** EXERCISE REQUIREMENTS **
Print, exactly as given, each line of the data from the line containing "Runder Metall Kombiascher" up to and including its last line.

[Extracted data entries]
§ §

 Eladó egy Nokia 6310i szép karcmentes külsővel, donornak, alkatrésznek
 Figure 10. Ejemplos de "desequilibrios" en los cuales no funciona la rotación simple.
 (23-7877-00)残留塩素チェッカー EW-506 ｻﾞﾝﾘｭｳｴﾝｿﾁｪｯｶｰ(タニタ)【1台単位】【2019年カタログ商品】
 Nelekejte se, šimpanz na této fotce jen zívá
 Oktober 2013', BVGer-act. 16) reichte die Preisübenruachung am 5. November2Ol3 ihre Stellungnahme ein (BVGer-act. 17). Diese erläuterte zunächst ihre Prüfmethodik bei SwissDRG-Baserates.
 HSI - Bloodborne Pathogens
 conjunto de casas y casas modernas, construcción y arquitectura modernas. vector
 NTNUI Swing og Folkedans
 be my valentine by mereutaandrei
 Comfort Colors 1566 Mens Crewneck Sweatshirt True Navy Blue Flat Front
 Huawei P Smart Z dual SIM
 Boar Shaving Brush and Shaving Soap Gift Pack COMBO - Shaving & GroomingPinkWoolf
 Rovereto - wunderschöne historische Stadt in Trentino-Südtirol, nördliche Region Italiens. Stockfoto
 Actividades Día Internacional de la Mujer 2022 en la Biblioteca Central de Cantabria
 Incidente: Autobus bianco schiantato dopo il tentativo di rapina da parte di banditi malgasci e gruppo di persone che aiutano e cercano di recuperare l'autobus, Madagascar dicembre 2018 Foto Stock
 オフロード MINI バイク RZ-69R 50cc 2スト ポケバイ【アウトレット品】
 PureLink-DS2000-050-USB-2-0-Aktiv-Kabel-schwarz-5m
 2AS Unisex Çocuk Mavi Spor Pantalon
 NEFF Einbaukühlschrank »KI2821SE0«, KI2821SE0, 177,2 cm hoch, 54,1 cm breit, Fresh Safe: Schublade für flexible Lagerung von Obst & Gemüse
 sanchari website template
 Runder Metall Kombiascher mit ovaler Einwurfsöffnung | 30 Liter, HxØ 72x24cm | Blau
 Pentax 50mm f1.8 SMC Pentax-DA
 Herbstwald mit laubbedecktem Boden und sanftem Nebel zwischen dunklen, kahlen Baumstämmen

§ §

** ANSWER TO THIS TASK **
 Runder Metall Kombiascher mit ovaler Einwurfsöffnung | 30 Liter, HxØ 72x24cm | Blau
 Pentax 50mm f1.8 SMC Pentax-DA
 Herbstwald mit laubbedecktem Boden und sanftem Nebel zwischen dunklen, kahlen Baumstämmen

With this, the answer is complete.